Is this Supposed to be Funny? Or Insulting?

Posted on July 25, 2010
Filed Under >Adil Najam, Media Matters, Sports
46 Comments
Total Views: 45189

Adil Najam

I am as excited about Pakistan’s Test cricket victory against Australia as the next guy. Maybe even more.

But this huge (quarter page) advertisement on the front page of today’s (Sunday’s) The News is just plain bad taste.

That it is an ad for Pepsi – a major global brand, but also the official sponsor of Pakistan cricket (over-sized Pepsi logos are the most prominent thing on the official clothing of Pakistani cricketers), makes it only more so.

It was obviously made in a hurry. But I, for one, wish it had never been made. Whether Pepsi does so or not, let me apologize to Ricky Ponting. This, as they say, is just not cricket!

I do not know what was the thought behind this Ad?

If they thought this was funny; it is not. Only early today I had a chat with my 7-year old explaining to him that making fun of other people’s names is not funny, because we would not like it if others make fun of ours.

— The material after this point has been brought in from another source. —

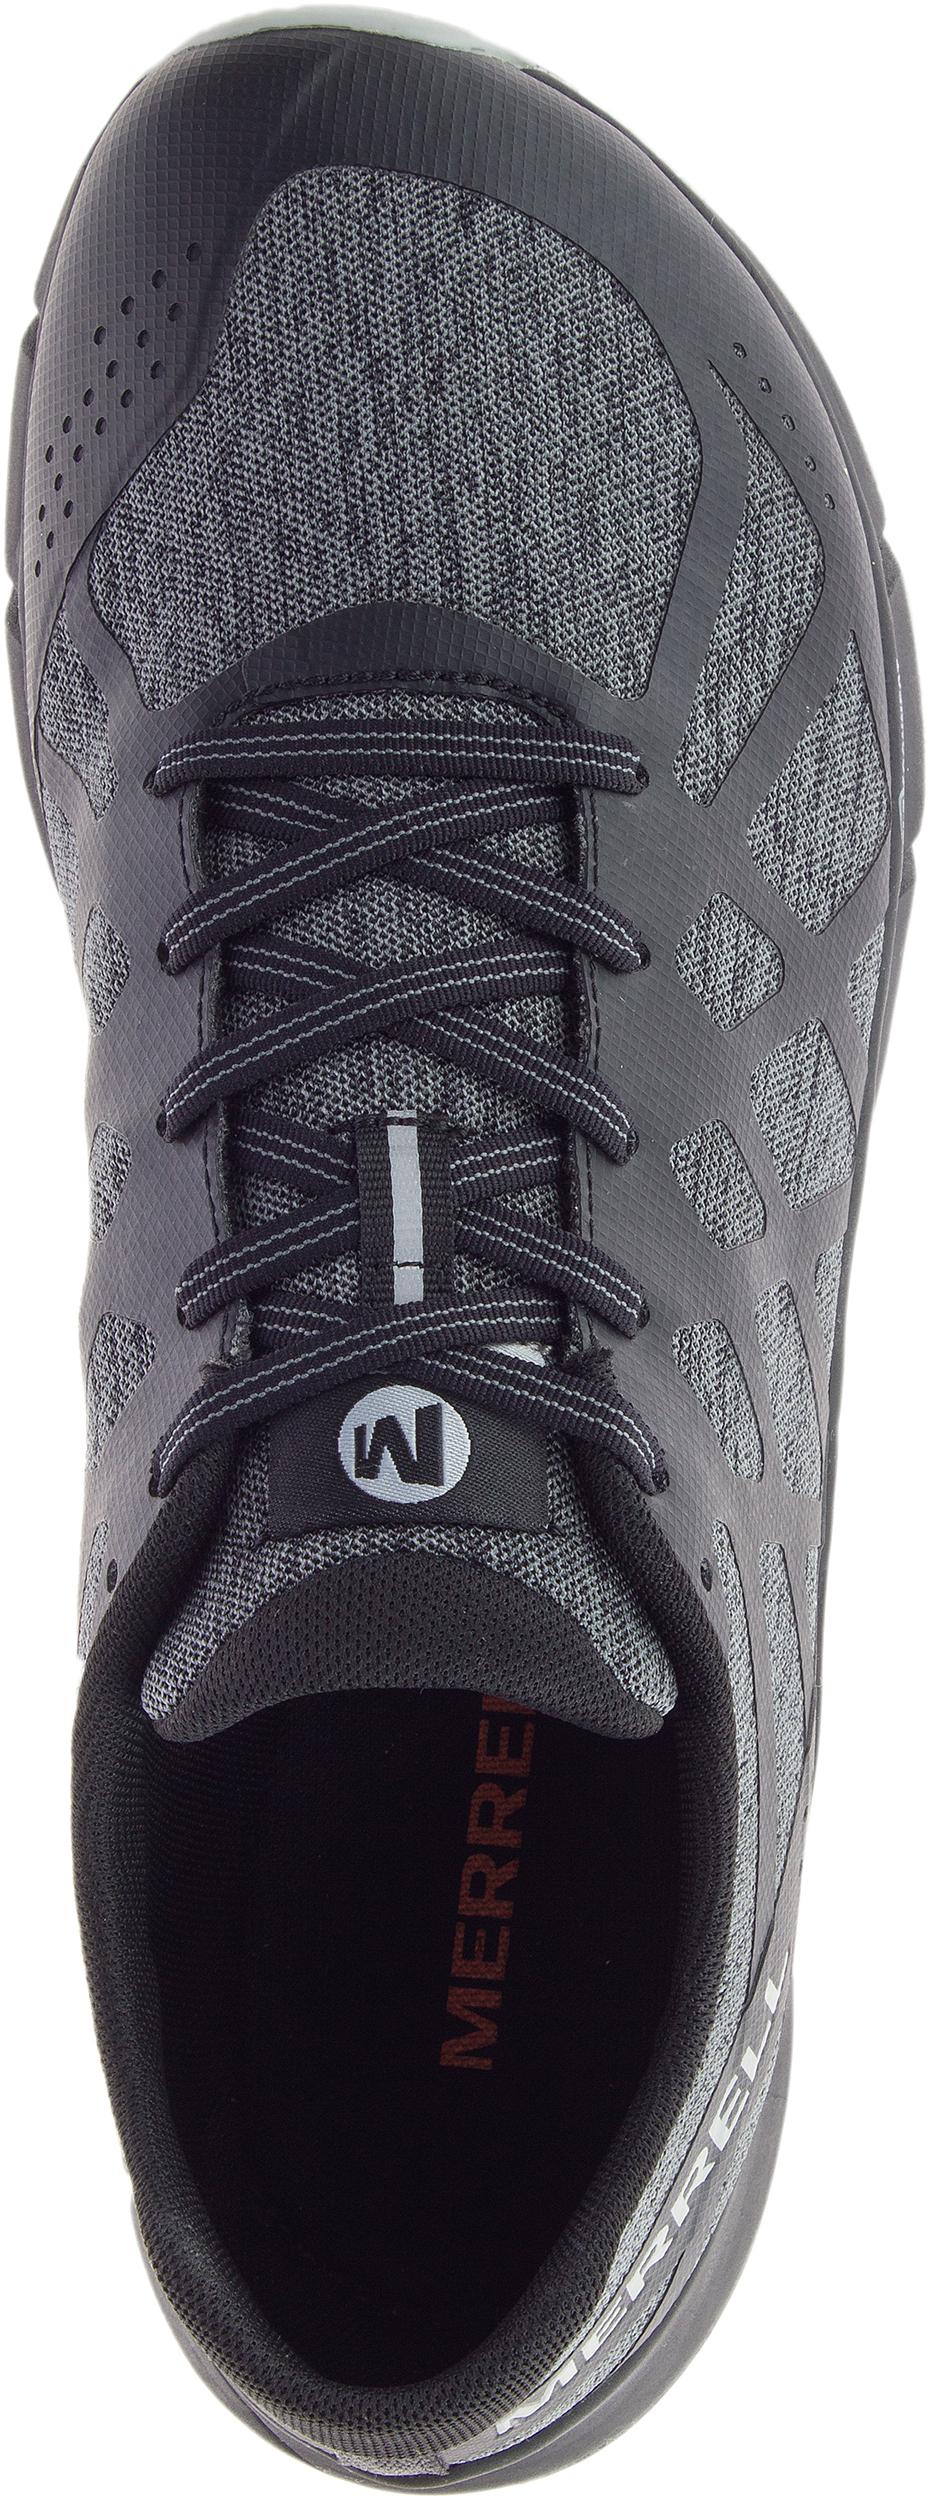 Shoes Men's Trail Merrell Access Bare Flex Running 2 K1JT3lFc

If they thought it was a commentary on Pakistan cricket and a show of support for Pakistani cricket; it is not. Despite the exciting victory we pulled off, no serious cricket fan will claim that Pakistan is the better team of the two. There is much that we should try to learn from Australia, even in this Test: their fight back till the very end, for example! The argument I often give to my 7-year old is also valid here: imagine what might be our reaction if Indian or Australian or British newspapers started carrying Ads like this about Pakistan each time we lost a game or something bad happened in Pakistan (and those, unfortunately, happen all too often!)?

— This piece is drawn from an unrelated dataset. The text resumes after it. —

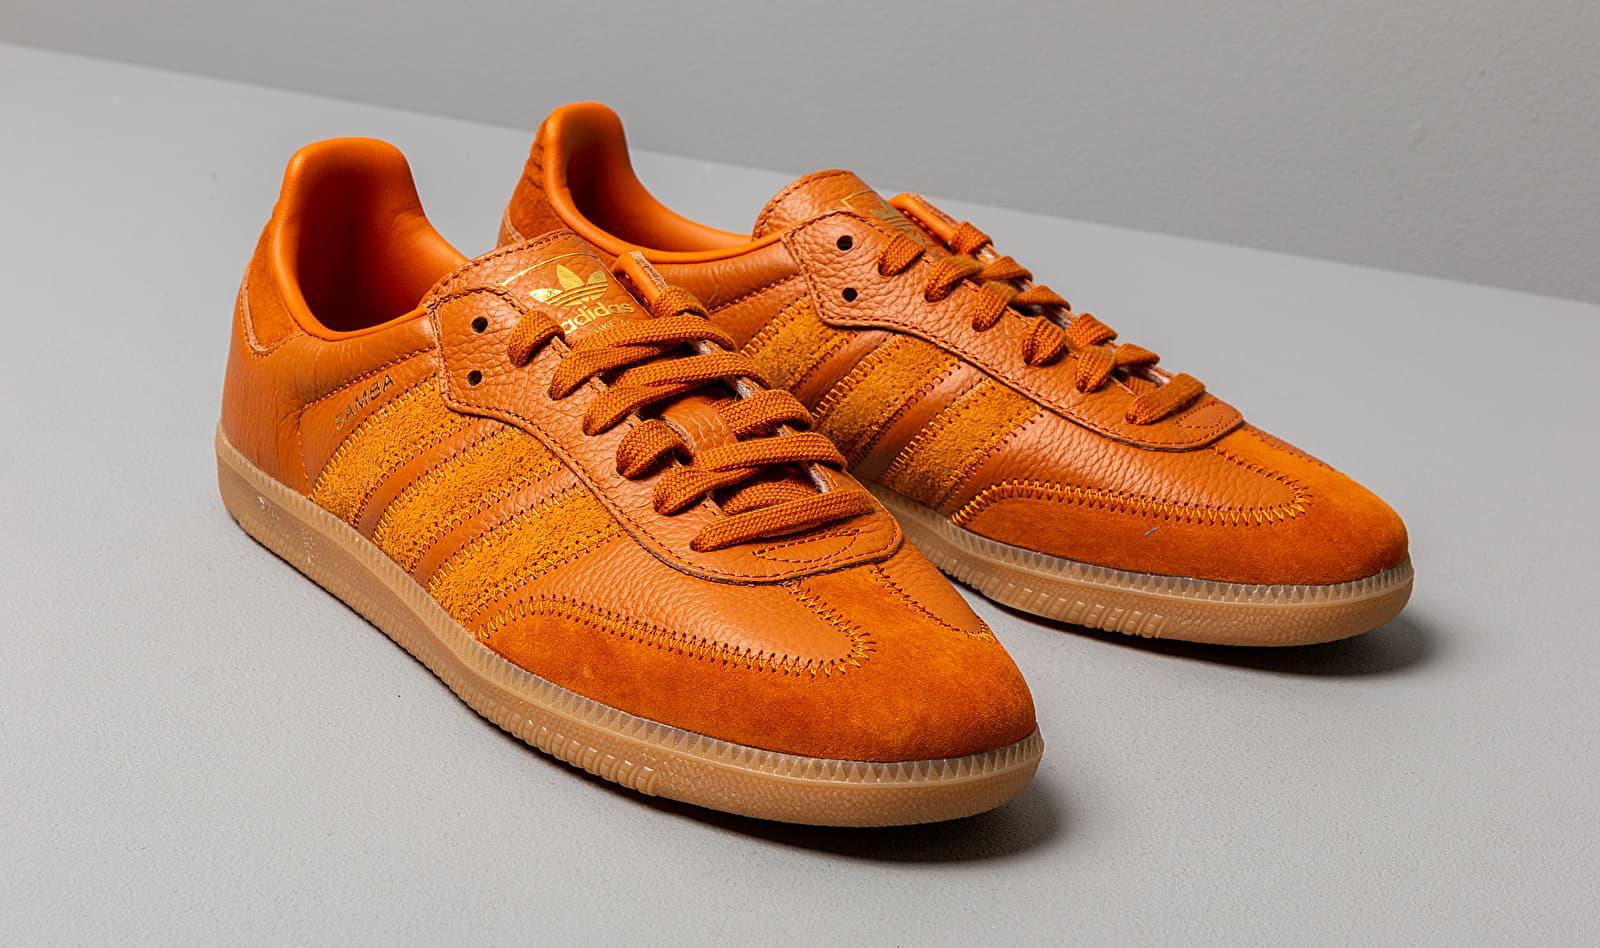 adidas samba orange | Great Quality

But that is not the point. The point is that this Ad has no point. At least no redeeming point.

All it does is insult. And not just Ricky Ponting. It insults the brand integrity of Pepsi, and even more the brand identity of Pakistan cricket (since Pepsi is its official sponsor) and of Pakistan and Pakistanis in general (the green background is not accidental, nor is the bouncing kangaroo). It presents and projects us as a mean, insensitive, gloating, and petty people. Some of us may, indeed, be that. But I am not prepared to be ‘branded’ in that light; and certainly not by Pepsi.

Maybe I am over-reacting. And clearly this is not the of the problems we face. But sometimes it is the small things that pinch hardest, because they become metaphor for all the big things that are wrong. I just wish that whoever made and approved this Ad had read Mian Mohammad Bakhsh’s Saif-uk-Muluk:

Dushman marey tey khushi na kariye sajjna vi mar jaana
(Do not gloat when an enemy dies, your friends too will die)

Editor’s note: Here are some examples of bad advertising; of good advertising; and of advertising nostalgia.

46 responses to “Is this Supposed to be Funny? Or Insulting?”

  1. -Farid says:

    I thought it was funny, bit of harmless fun – but that’s just me

  2. Adnan Ahmad says:

    In the context of this game and Mian Muhammad Bakhsh’ eternal verse, I would say sajjans have been dying for the last 15 years – even when they didn’t have to (! remember Sydney :)) – so may be a little bit of khushi even in bad taste can be ignored.. :)

  3. ahmed ahsan says:

    Awesome ad so far from pepsi. Author must remember how they represent us in their media. This is the era of media war.

  4. J.S.K. says:

    Lets stop with the political correctness. Funny is funny. Like that one that the Australian beer company with a picture of all the bearded players on the Pakistan team walking into the ground, and the caption says, “Lets teach these terrorists a lesson: This one is for 9/11.” I don’t know why everyone got so worked up. It was just a joke, just like this one !

  5. Norm says:

    Are you guys for real ?

    This is harmless ad, in fact it is done beautifully.